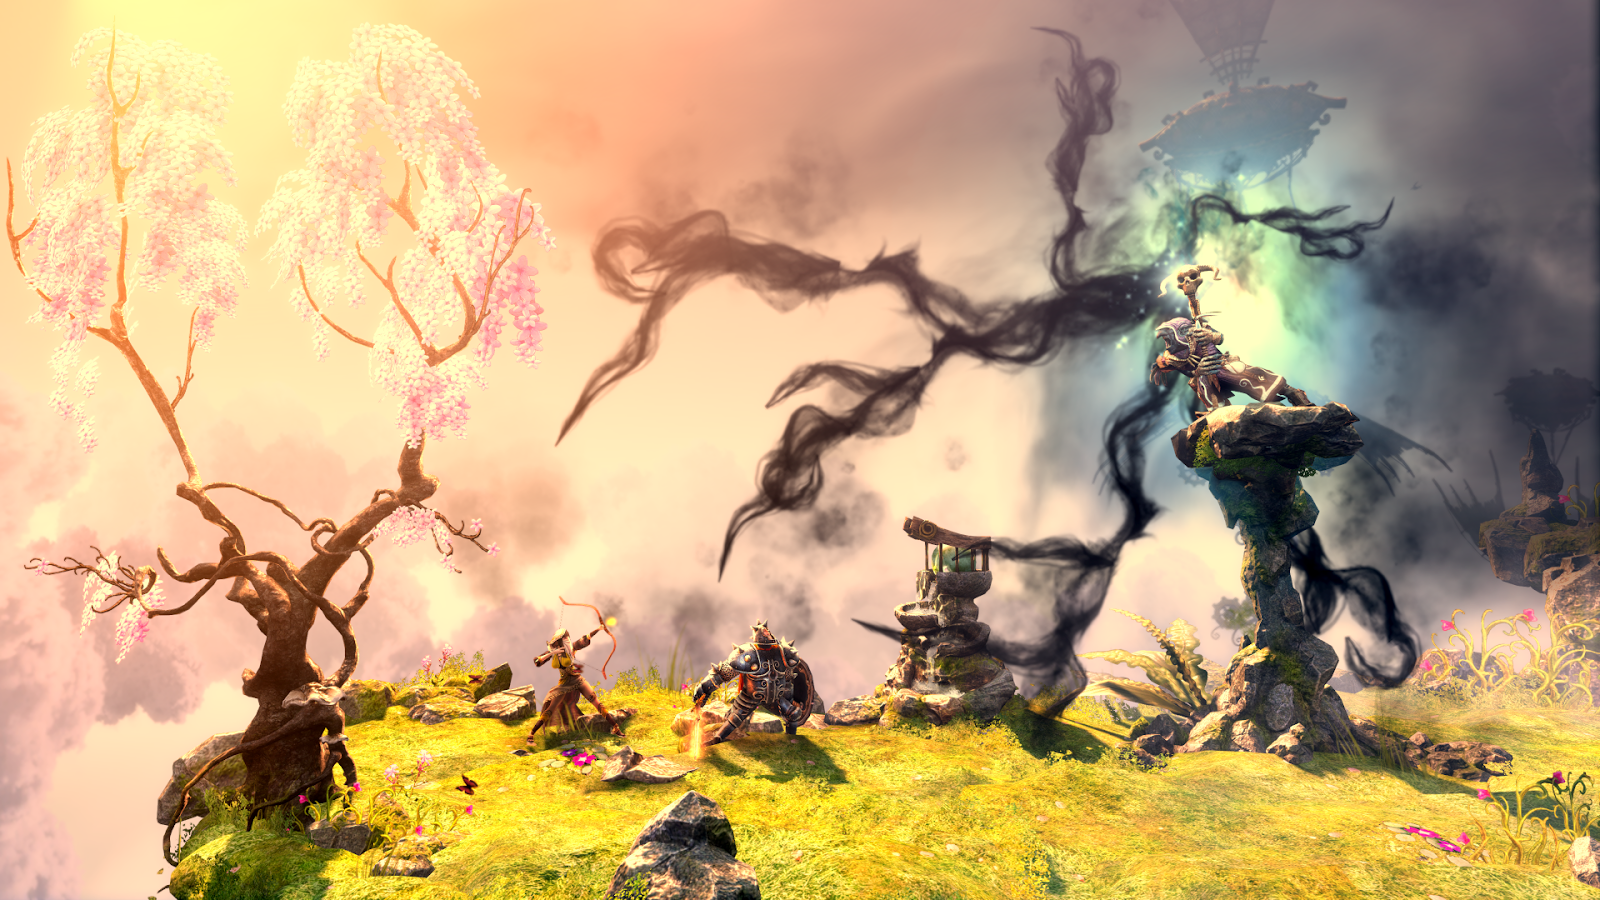 Amazing Trine 2 Pictures & Backgrounds
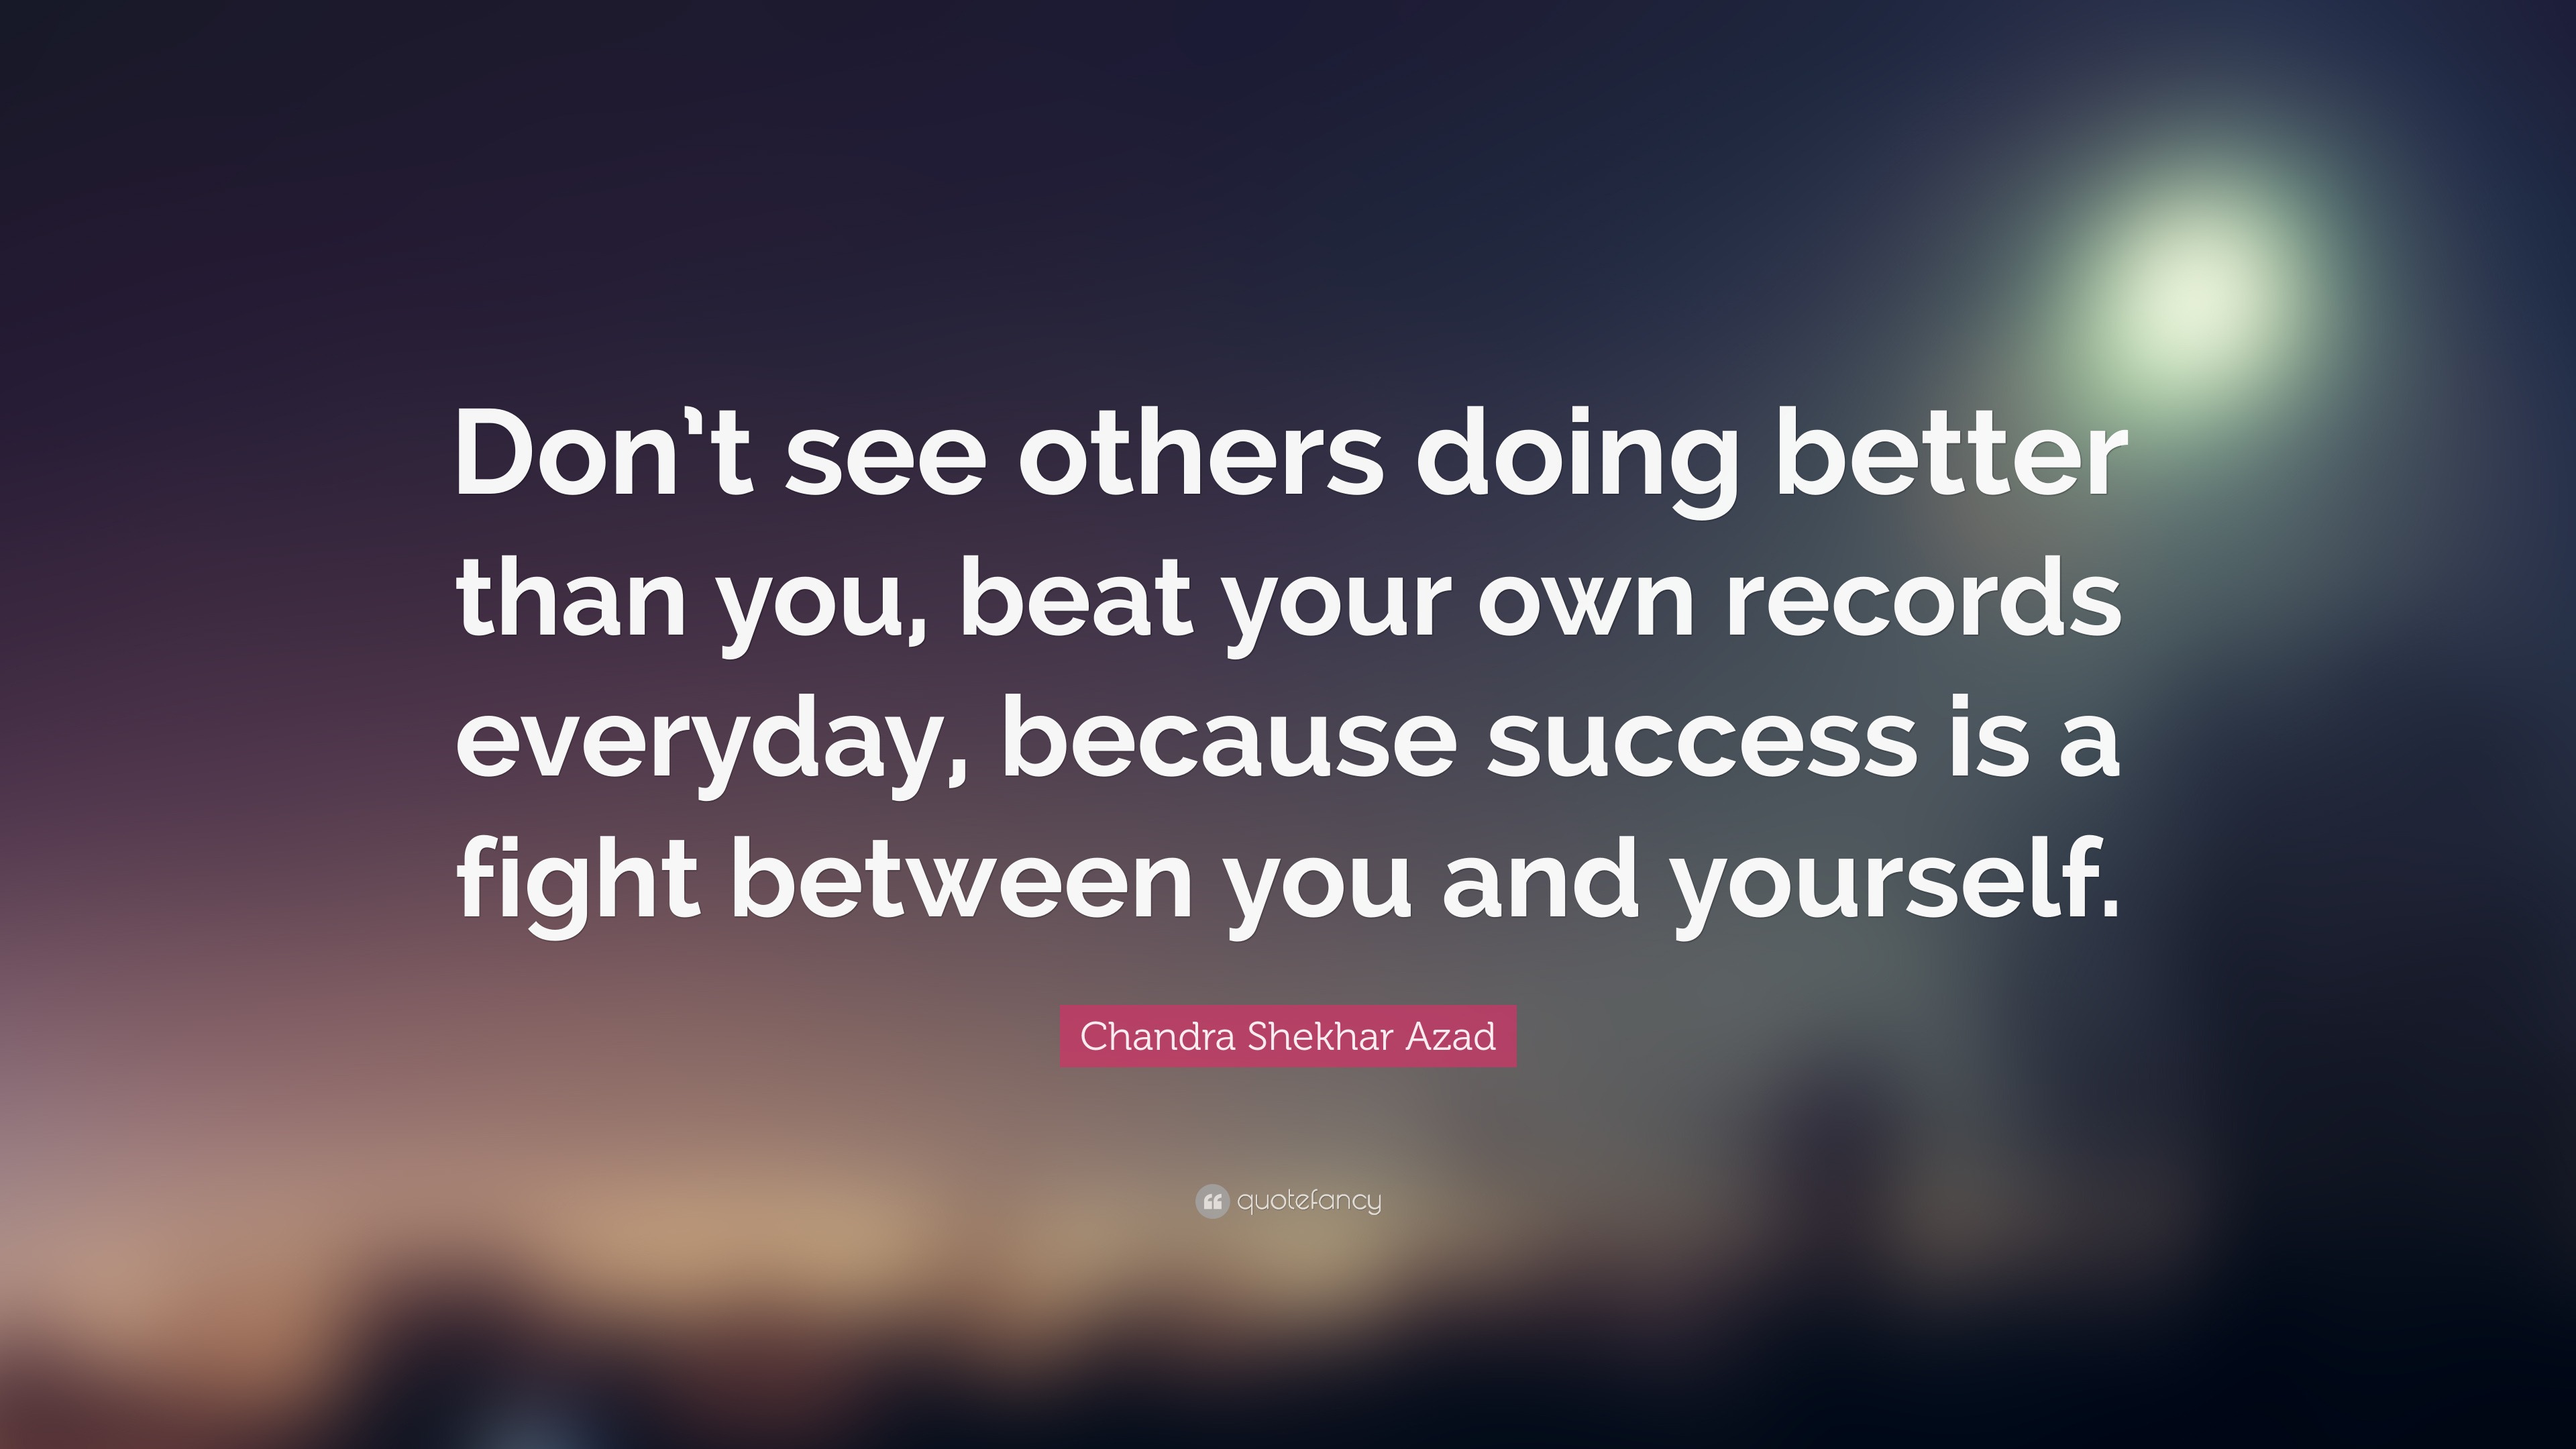 Chandra Shekhar Azad Quote: “Don’t see others doing better than you ...
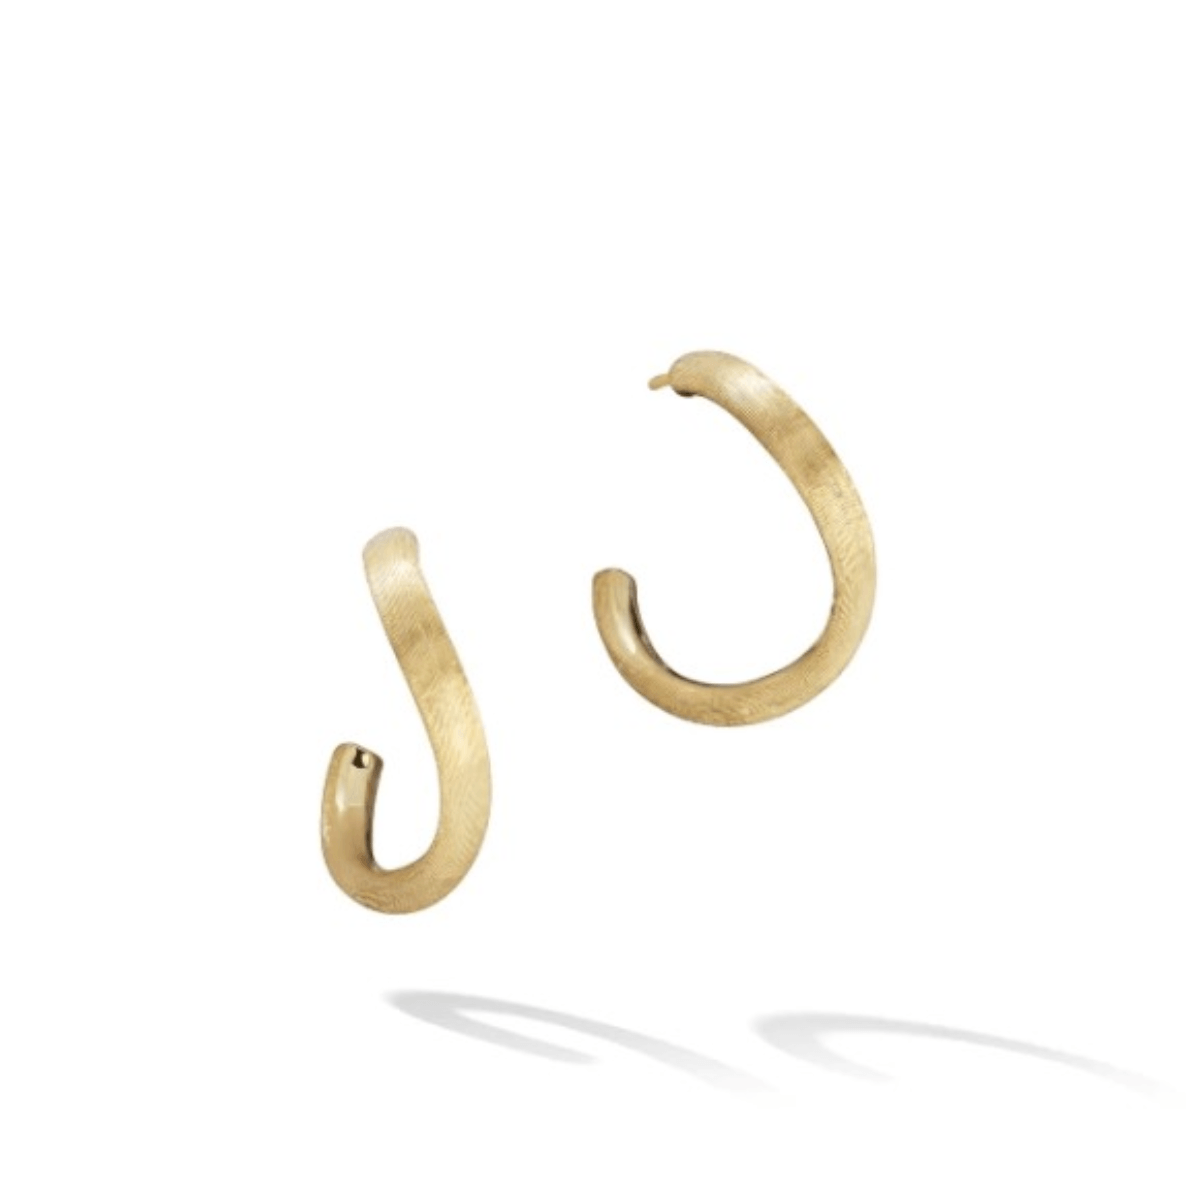 Marco Bicego Jaipur Collection 18K Yellow Gold Petite Hoop Earrings 0

------------------------------------------------------------------------

Without any pictures, restate word for word only the lines from the one with "Chandra Shekhar Azad" through the end of the listing.

 Chandra Shekhar Azad Quote: “Don’t see others doing better than you ...
 Marco Bicego Jaipur Collection 18K Yellow Gold Petite Hoop Earrings 0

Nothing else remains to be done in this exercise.